August 30, 2011|By Jeannine Stein
  • Text messages tailored for teens may help them lose weight
Text messages tailored for teens may help them lose weight (Tom Fox / MCT )

Teens love text messages--and those texts may help them lose weight, if they're done right. A study tested out various types of weight management-themed text messages on overweight teens to see what they liked, finding that they favored positive messages but disliked thoughtful questions.

Overweight and obese teens can be a tough crowd when it comes to weight-loss interventions--many have a tough time adopting more healthful diet and exercise routines. Researchers from the University of Michigan thought tailored text messages might be a good way to help teens adopt lifestyle changes, since texts have been successful in helping others drop bad habits. The study appeared online recently in the journal Obesity.

To determine what kinds of text messages would be most effective the researchers set up four focus groups comprised of 24 male and female teens who were part of a weight management program. Six different message types were tested: testimonials, meal and recipe ideas, targeted tips, reflective questions, feedback questions and tailored messages.

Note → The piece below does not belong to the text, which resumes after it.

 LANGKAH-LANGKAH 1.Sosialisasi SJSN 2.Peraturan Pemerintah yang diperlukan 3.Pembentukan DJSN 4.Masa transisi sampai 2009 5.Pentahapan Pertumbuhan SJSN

Overall, the teens were excited about the text messages, but not everything passed muster. They liked messages that told them what to do, such as recipes and testimonials about weight-loss strategies--those the teens found encouraging, but only when they came from another teen.

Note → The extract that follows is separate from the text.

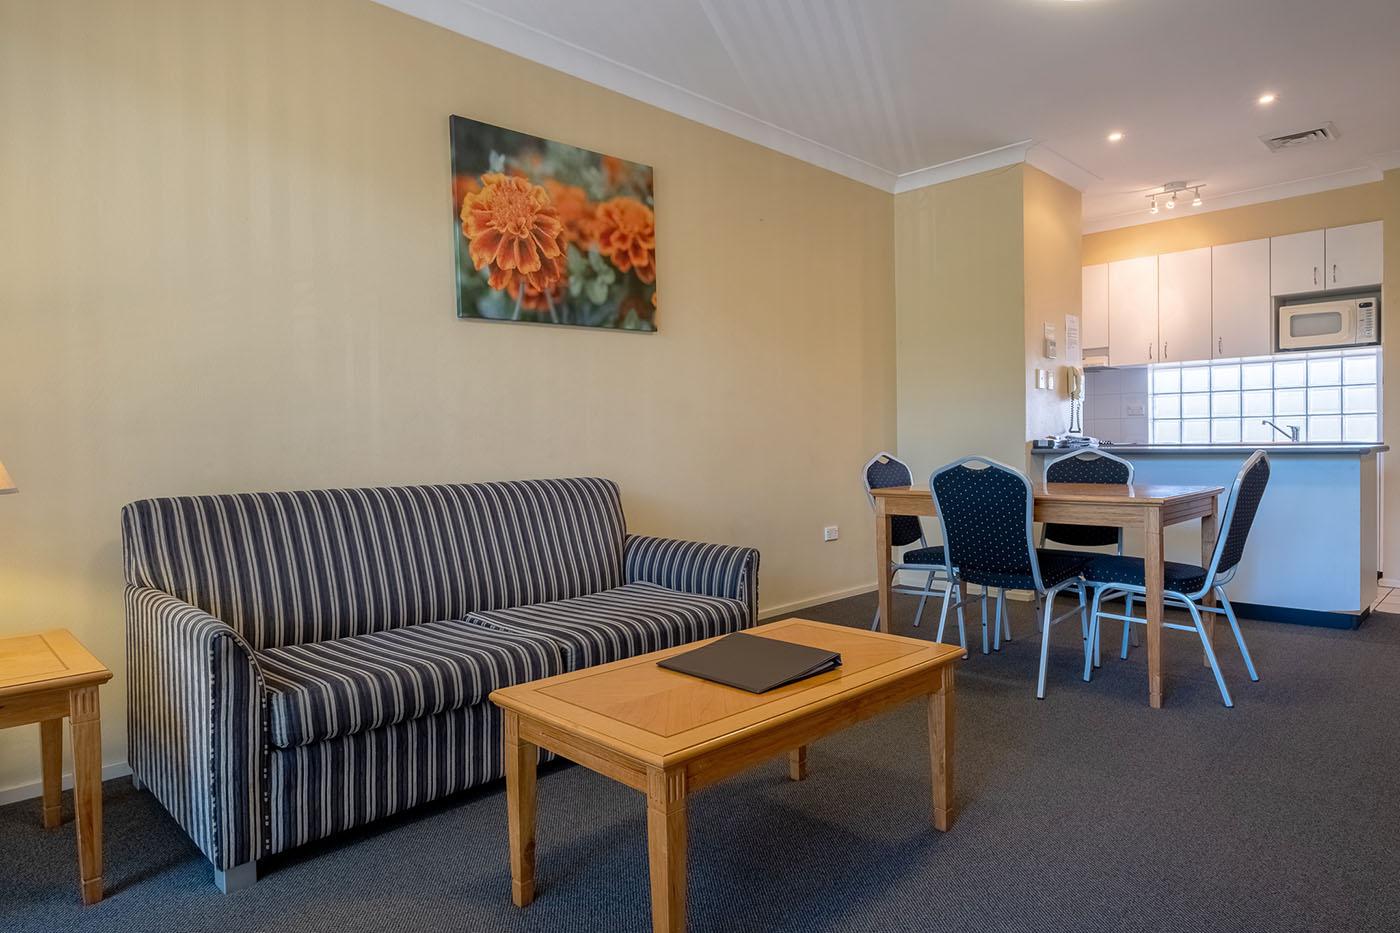 Maclin Lodge 2 Bedroom Apartment

Participants also liked positive, uplifting messages. Exclamations and emoticons were OK--especially for congratulating weight loss--but colloquialisms typically used by teens weren't. "LOL," for example, was not well received.

They also didn't like mentions of unhealthful behaviors and foods, even if they were accompanied by references to healthier options. Mentioning unhealthful foods, for example, might trigger them to crave those items.

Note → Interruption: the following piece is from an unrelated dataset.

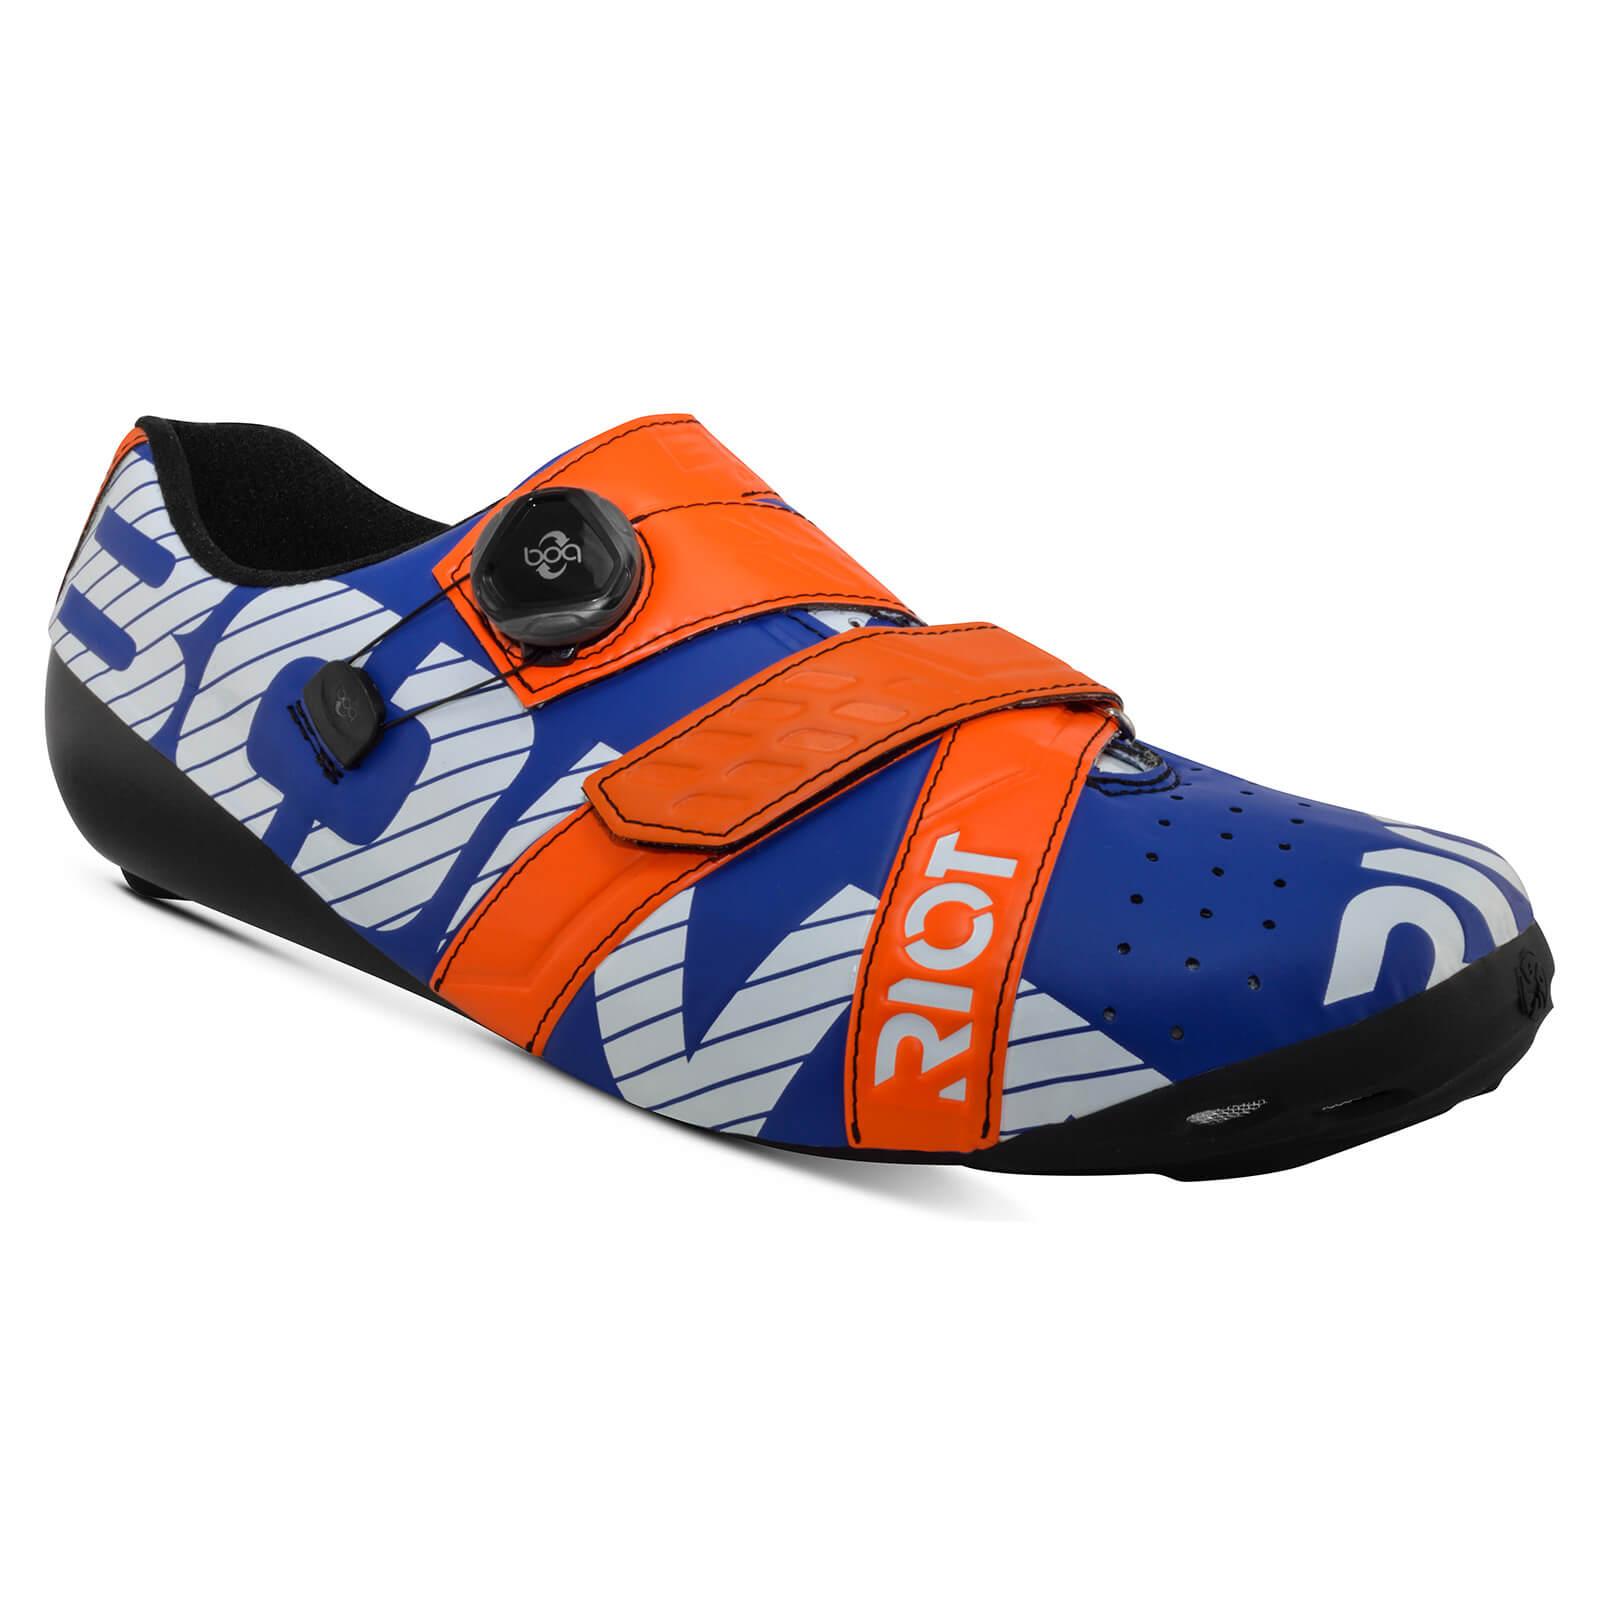 Bont Riot+ Road Shoes - EU 40 - Blue/Red

They weren't crazy about reflective questions, especially when there were several in a row, such as, "What does being healthy mean for you? How does screen time fit in with your goals? How could cutting back on it help improve your health?" Teens thought there were too many and weren't sure which to answer first. In discussions the teens said they wanted to be told what to do, instead of having to come up with their own weight-loss strategies.

That surprised the study authors, who noted that some studies find that people tend to stick with behavior changes if they've generated them more than if they come from other sources. But, they added, the delivery method may be to blame--a string of thoughtful questions may be too much to handle with a 140-character text messaging system.

The next step, said the authors, is to test the texts out on teens to see if they actually have any effect on weight loss.